* [Information provided]
_ _ _
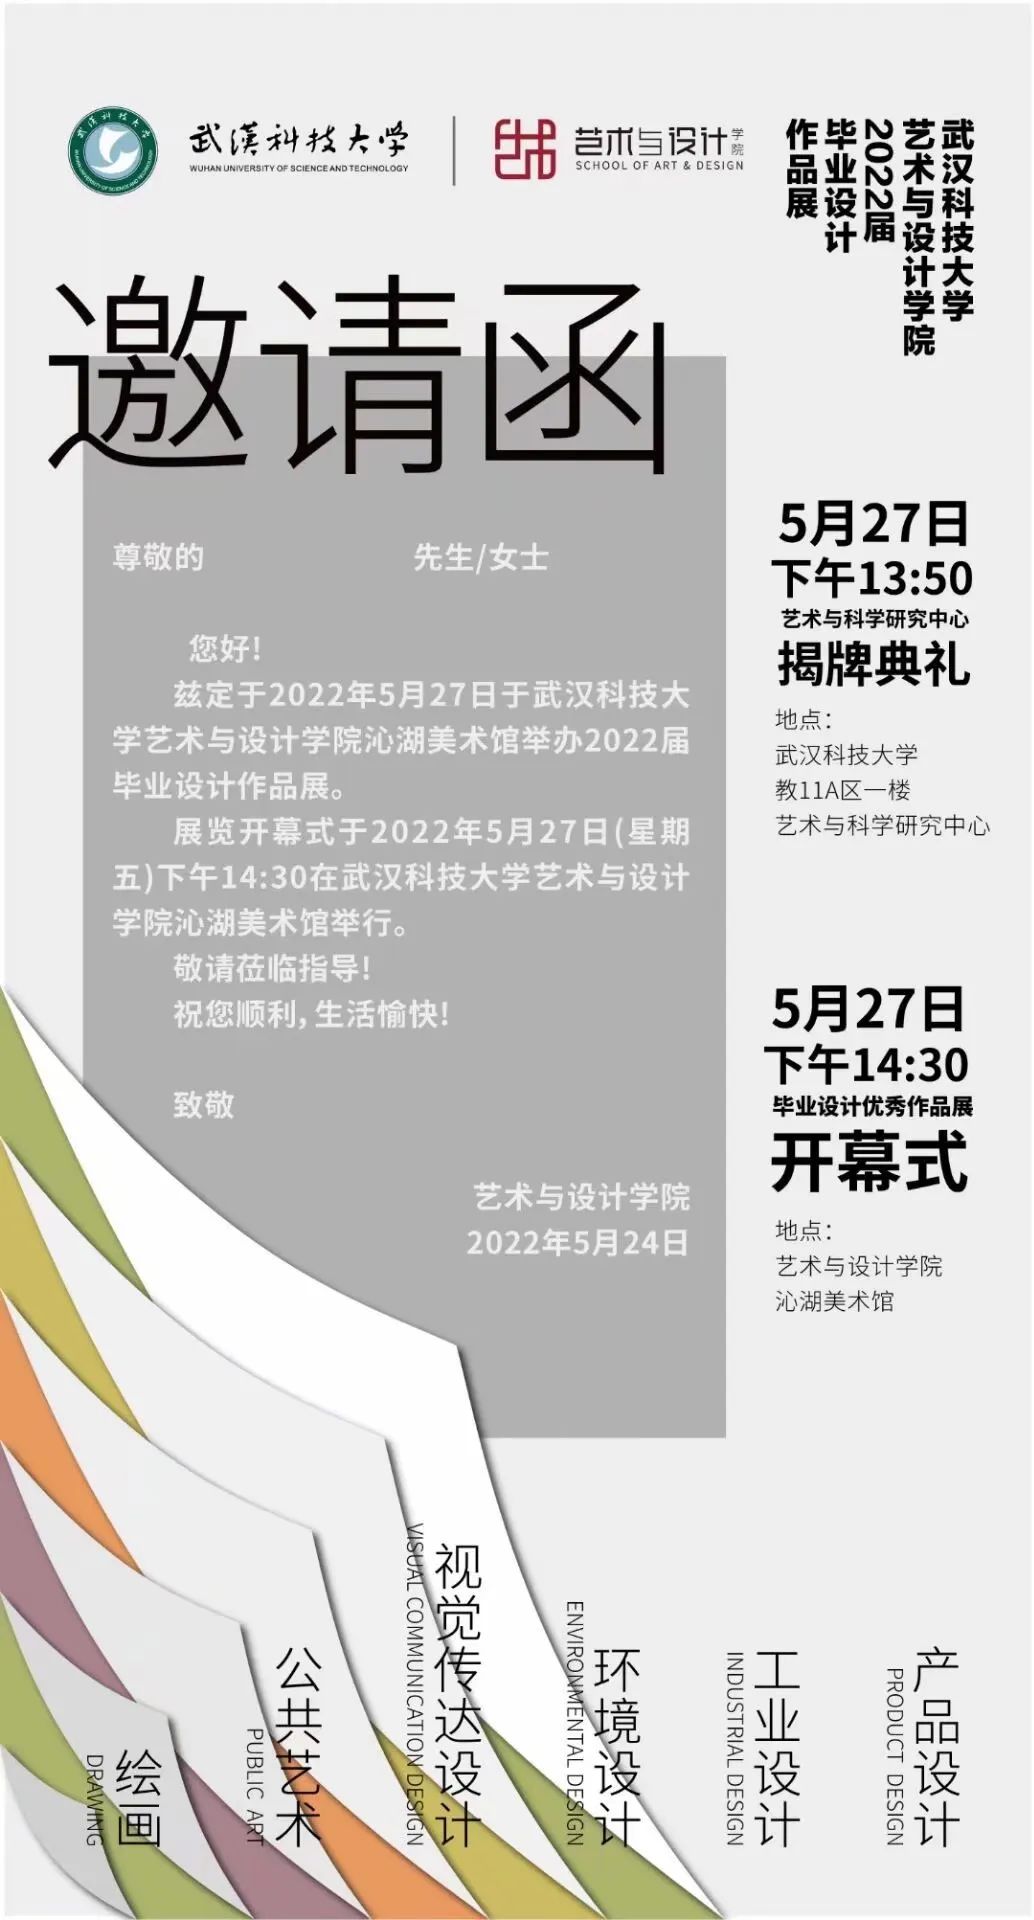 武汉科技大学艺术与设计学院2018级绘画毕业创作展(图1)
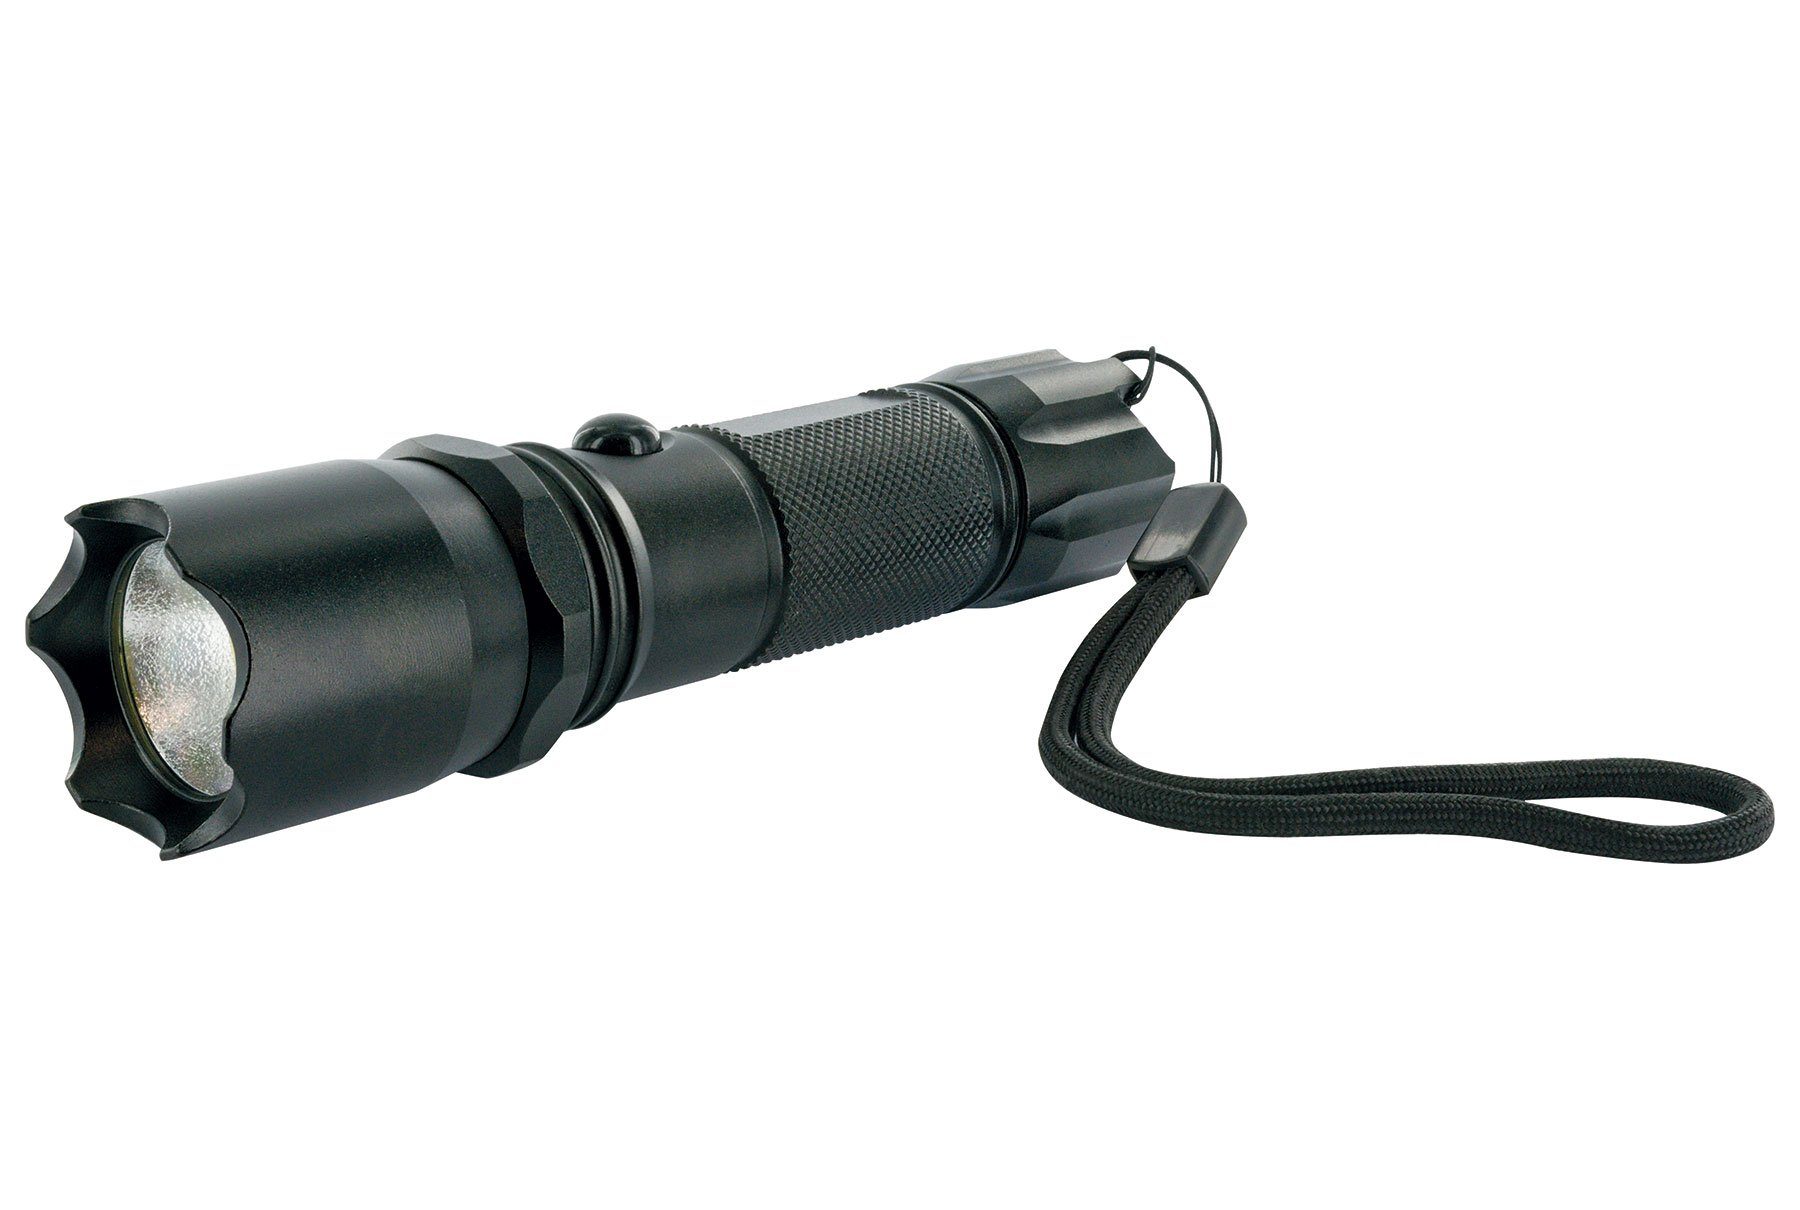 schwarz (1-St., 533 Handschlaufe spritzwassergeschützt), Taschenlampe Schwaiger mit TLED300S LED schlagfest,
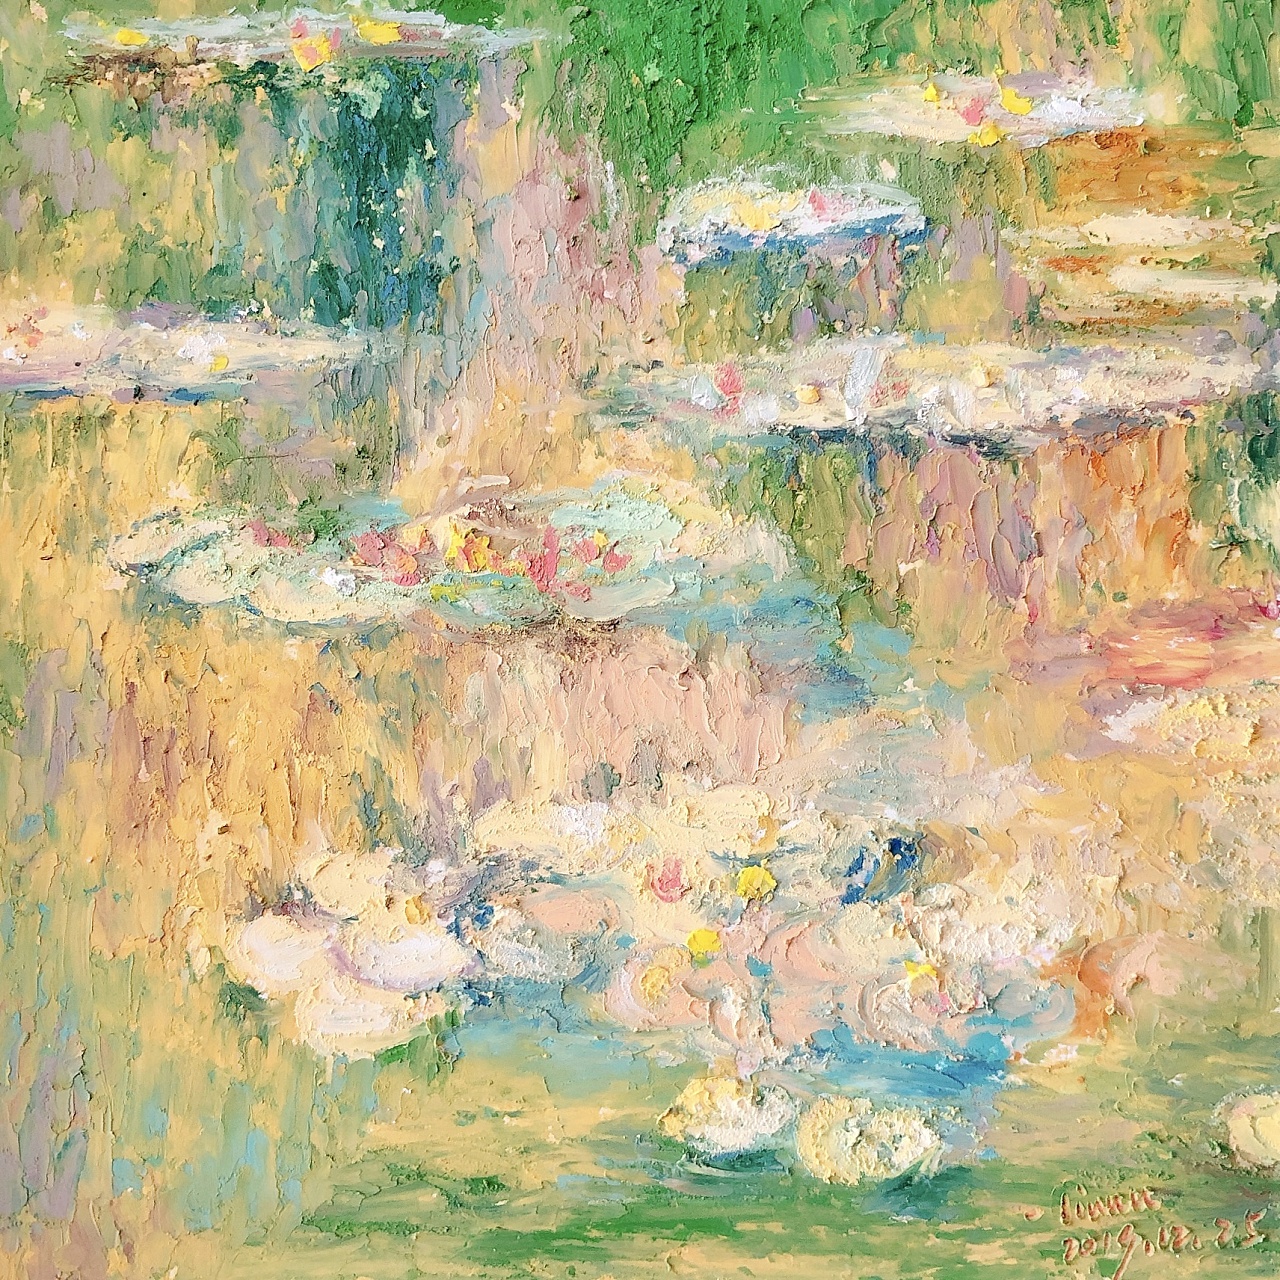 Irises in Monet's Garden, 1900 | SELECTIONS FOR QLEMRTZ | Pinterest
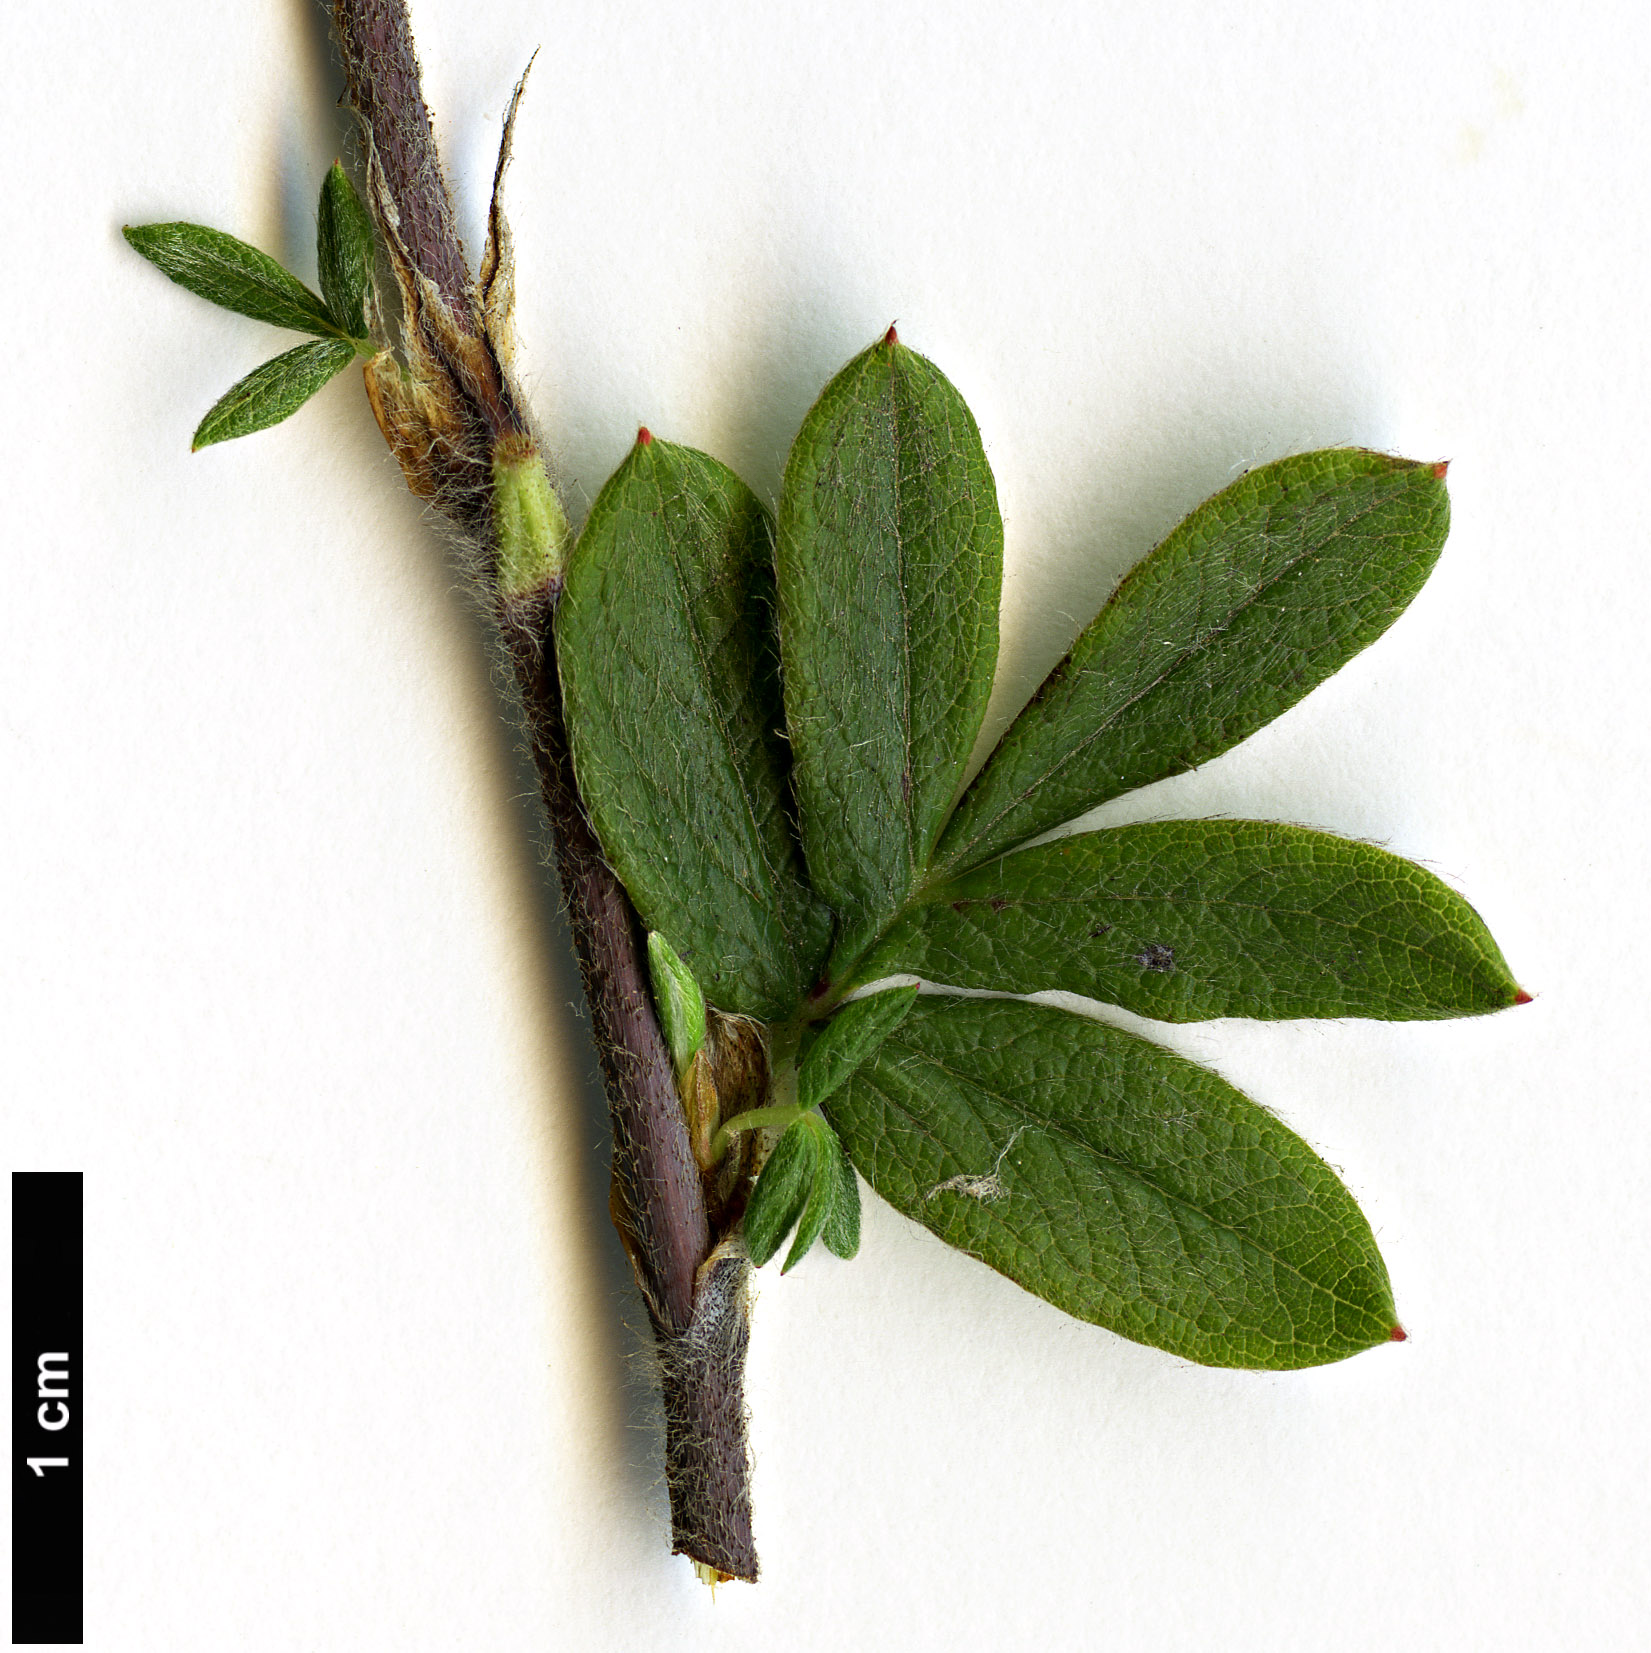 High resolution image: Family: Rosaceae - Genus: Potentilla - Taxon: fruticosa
_ _ _
* [What the task requires] Give back the material exactly as written, images excluded.

* [Answer below]
 武汉科技大学艺术与设计学院2018级绘画毕业创作展(图1)
 schwarz (1-St., 533 Handschlaufe spritzwassergeschützt), Taschenlampe Schwaiger mit TLED300S LED schlagfest,
 Irises in Monet's Garden, 1900 | SELECTIONS FOR QLEMRTZ | Pinterest
 High resolution image: Family: Rosaceae - Genus: Potentilla - Taxon: fruticosa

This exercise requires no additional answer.